This week has been dedicated to Spam of two kinds, neither of which are anywhere as yummy as the American canned meat sung about by Monty Python.
The first are the good old fashioned email messages promising the user a share of meelions of dollah if they respond to the email with their bank account details – so called ‘419’ scams, together with all other associated email scams sent out using compromised devices (typically aging webservers) corrupted with bulk mailing malware.
“Where did these go?” You might be wondering, “Come to mention it, I haven’t seen one of those in some time”, well not if you are an Outlook.com/Hotmail subscriber who were subjected to no fewer than 17 hours of irresistible offers from Nigerian Princes, Russian brides and offers to enlarge body parts this week after some major issue with the Spam filters of Microsoft’s flagship cloud based email services.

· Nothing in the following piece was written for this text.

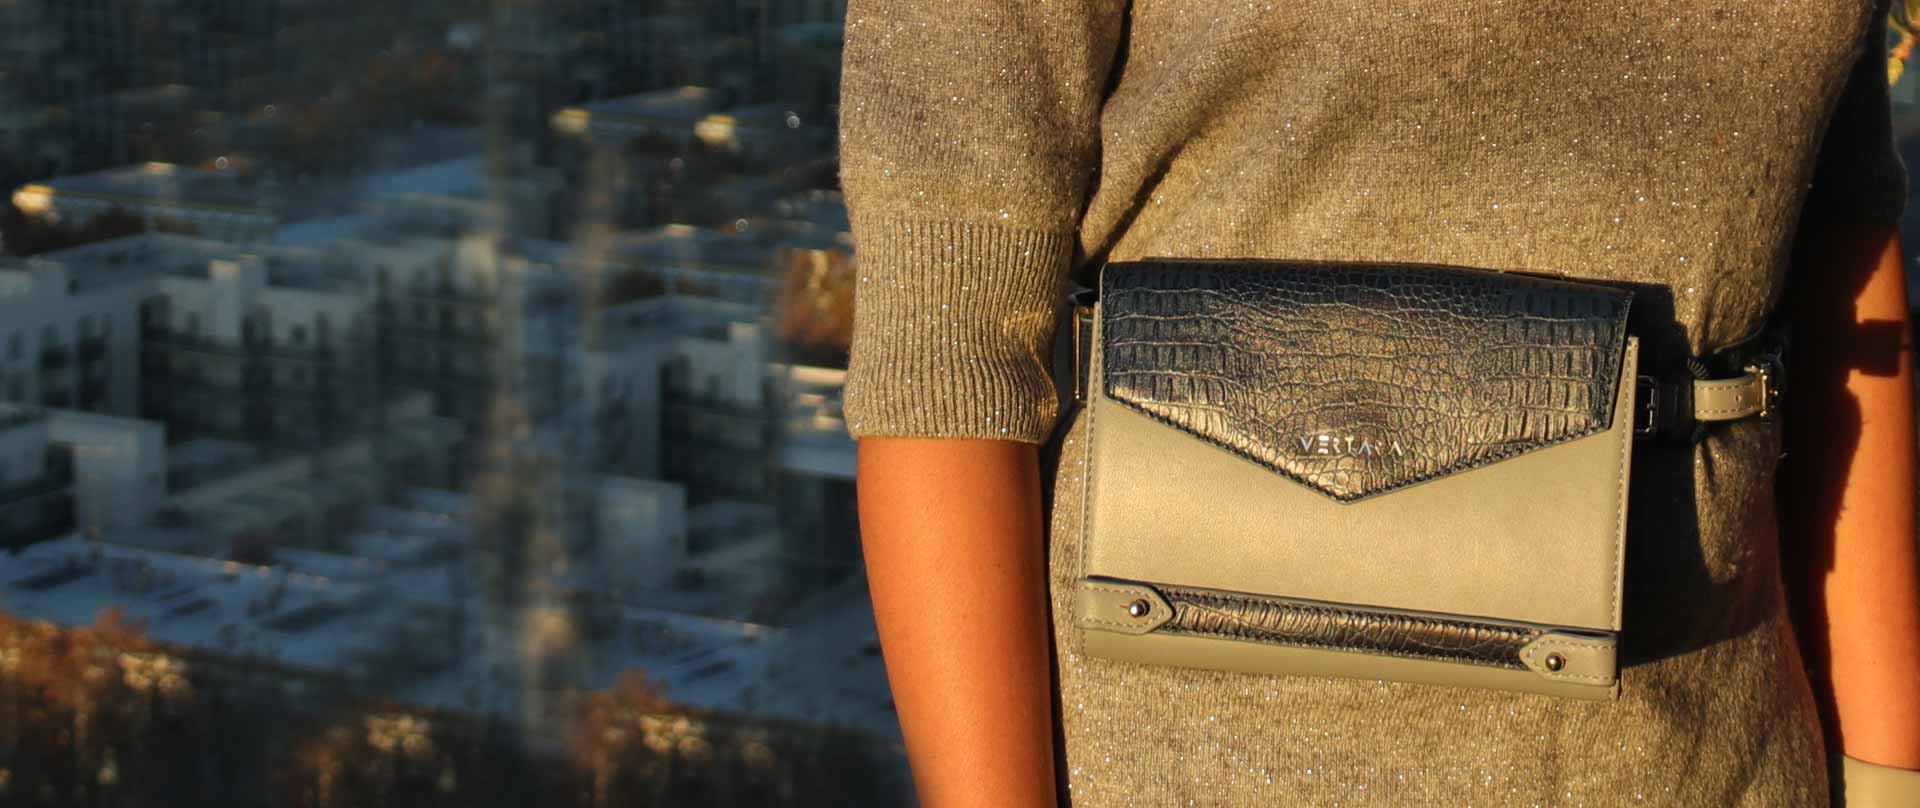 Ember belt bag in grey & navy leather

This issue did not (thankfully) impact users of the Office365 service, in fact some commentators believe it was to do with the on-going backend migration and consolidation of all MS mail platforms into Office365, an assertion neither confirmed or denied by Microsoft. In fact Microsoft said very little about the cause or remediation of this event, leaving many users in the dark and either angry or wryly amused by their new popularity.
The point of this is that when you put your stuff in the cloud, you put your faith in the cloud and if it goes wrong it does so on a big scale, so it is important not to forget basic education and drills ever. How practical this will be when the user of the future doesn’t remember the bad old days and becomes complacent remains to be seen. Russian brides all round.
The second portion of Spam that has been served up this week is just as interesting. Users who subscribe to a number of credential services (Lifelock and MyIdcare.com for instance) have been informed that their Dropbox details have been exposed on The Dark Web (Mwahahaha).
Upon checking, it is apparent that there has been no breach at Dropbox whatsoever, although it is a bit late to prevent reputational damage to them! What appears to have happened is that data breached years ago, in this case the 2013 breach at Tumblr, is being recycled, correlated and having been used for its original purpose now sold to the lowest bidder in spreadsheet format.
As we reported with the brouhaha surrounding the LinkedIn data breach a few weeks ago, one has to have a highly cynical perspective on these mass breach announcements, something that it is difficult to encode in a Threat Intelligence system which is exactly why these credential agencies are spamming their users with incorrect and very frightening updates.
There really is no alternative than to exercise caution, stay informed, use different passwords for different systems, and two factor authentication where you can. Try not to become complacent.
If you were in receipt of any really special Spam emails via the Outlook.com issues, do let us know. We kind of miss them.